» **PROVIDED MATERIAL**
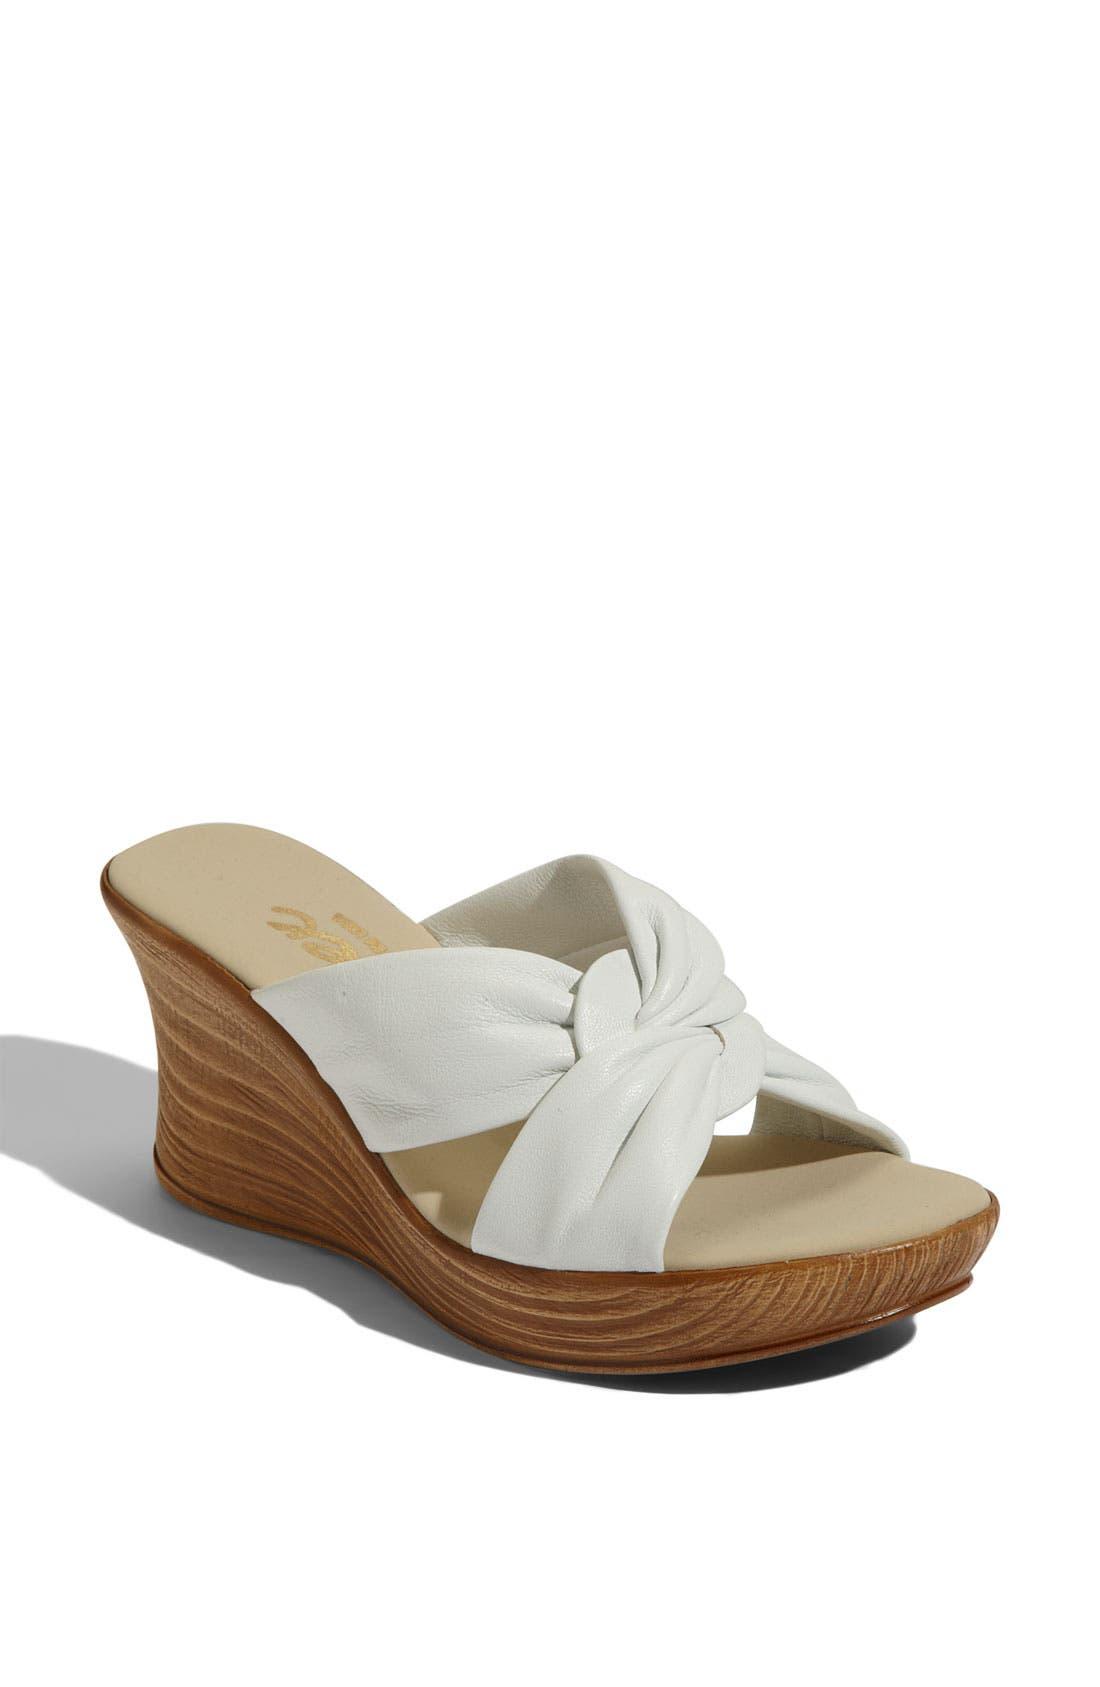 Alternate Image 1 Selected - Onex 'Puffy' Platform Sandal
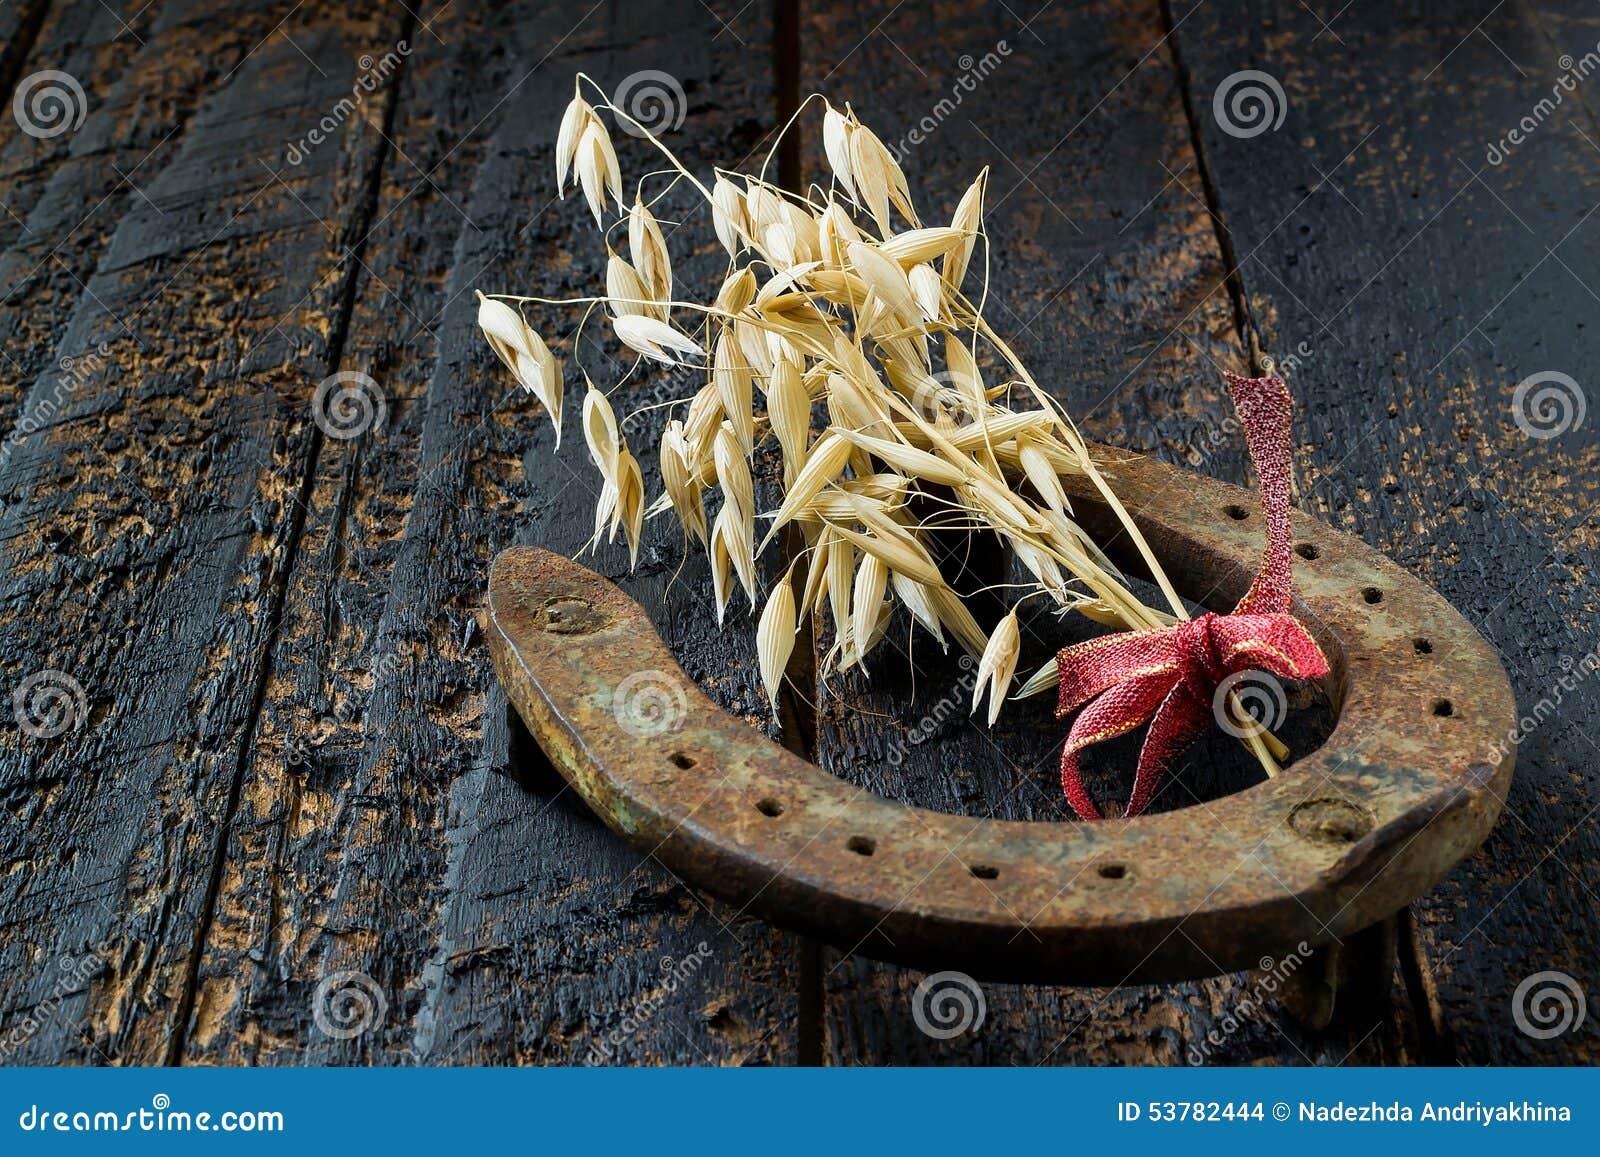 Horseshoe And Oats Symbols Of Good Luck And Prosperity Stock Photo
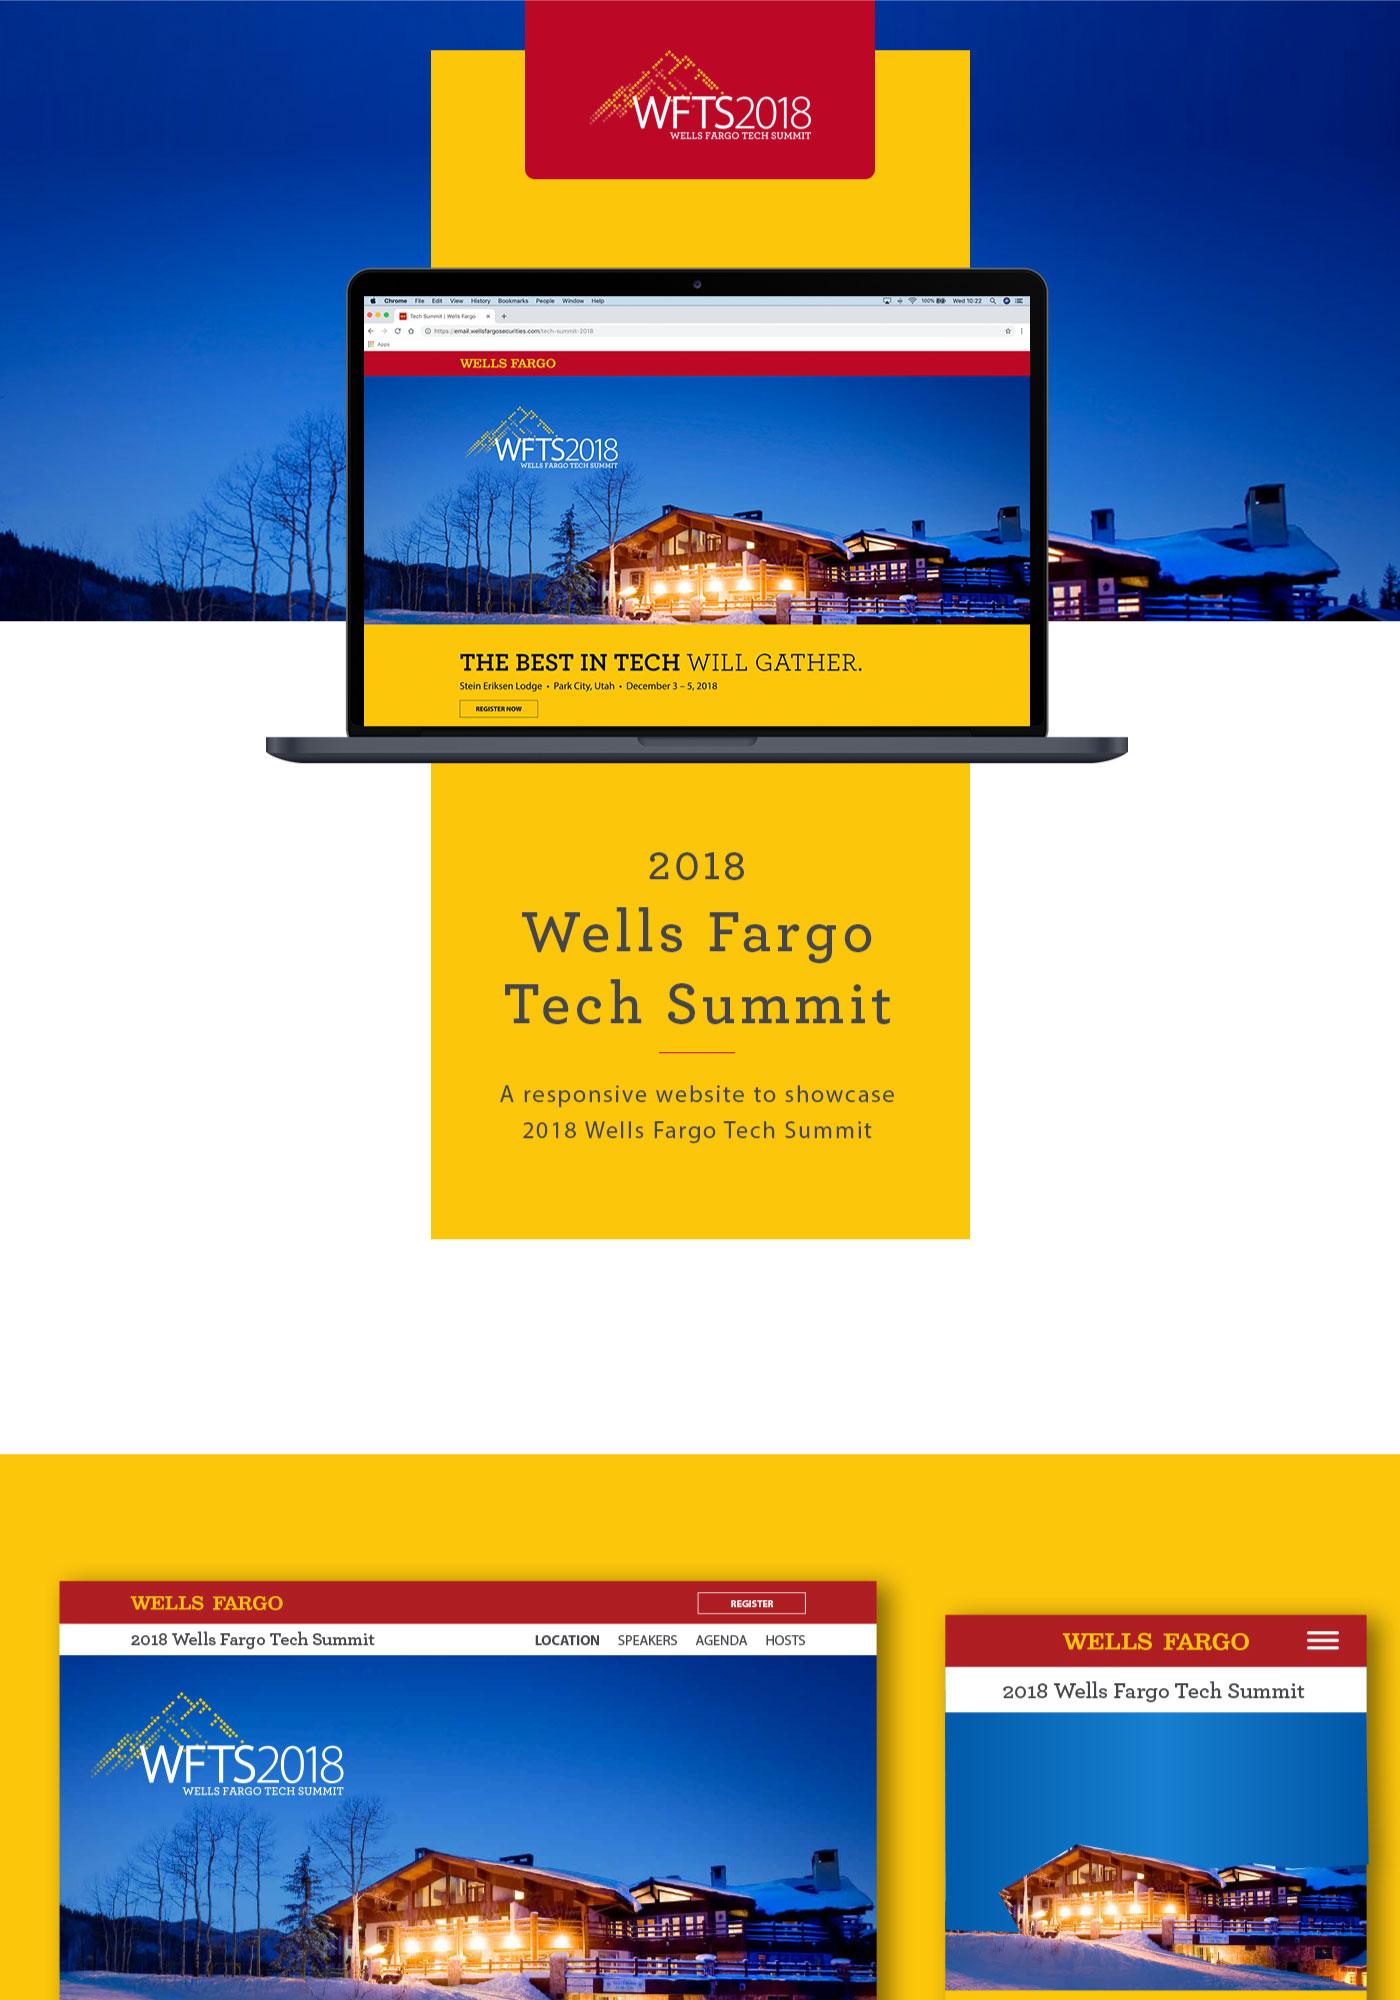 Wells Fargo Tech Summit website shown on a laptop
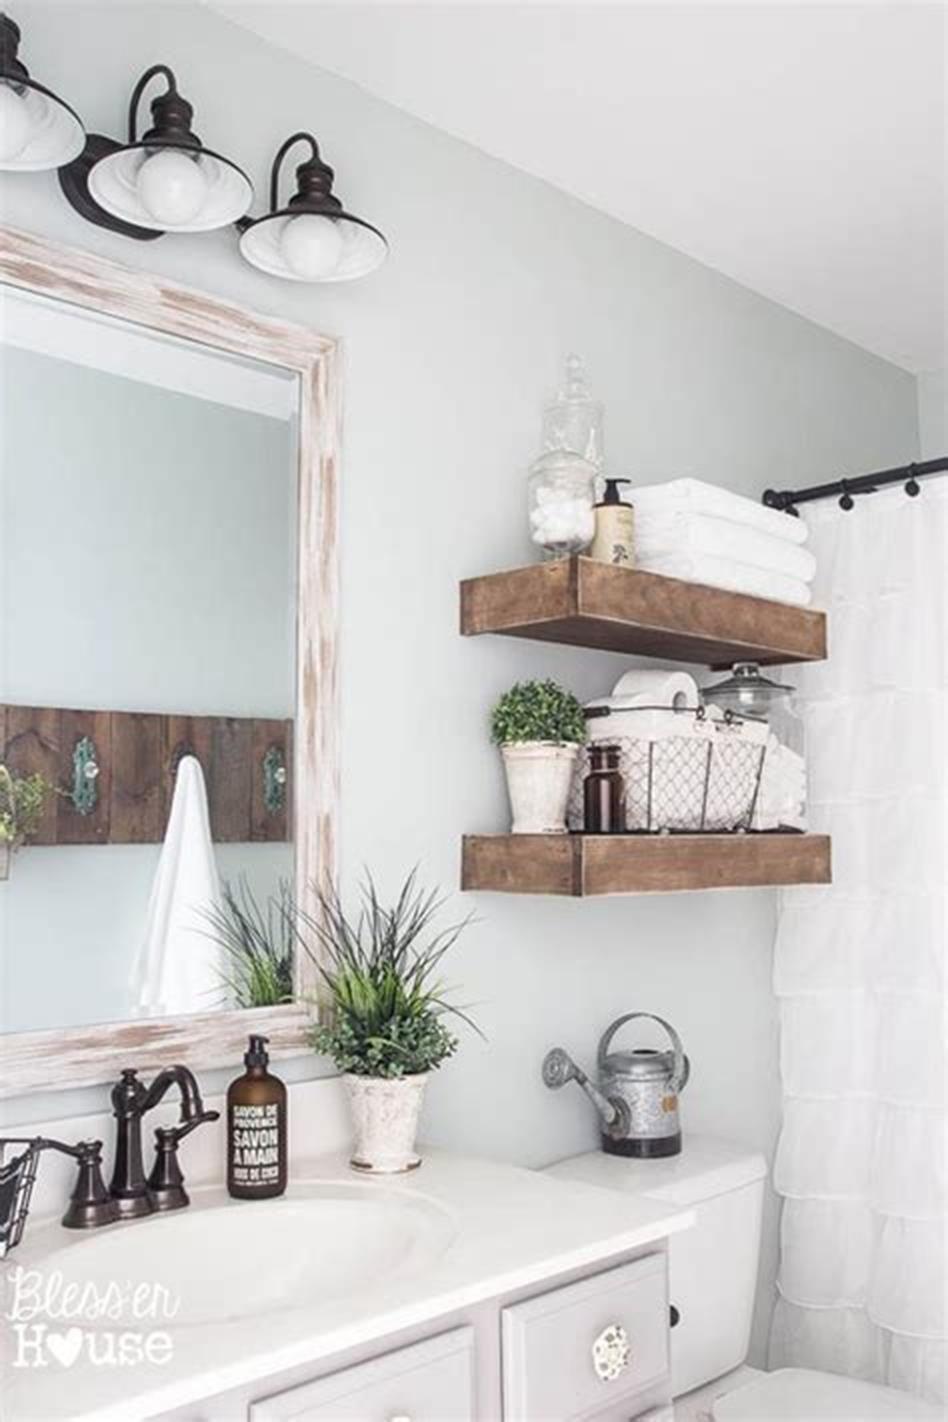 50+ Best Modern Country Bathroom Design and Decor Ideas ...

» **PROBLEM TO SOLVE**
Output the line containing "Horseshoe And Oats" and each line after it, through the end of the material, exactly as given. No pictures belong in the output.

» **ANSWER SPACE**
 Horseshoe And Oats Symbols Of Good Luck And Prosperity Stock Photo
 Wells Fargo Tech Summit website shown on a laptop
 50+ Best Modern Country Bathroom Design and Decor Ideas ...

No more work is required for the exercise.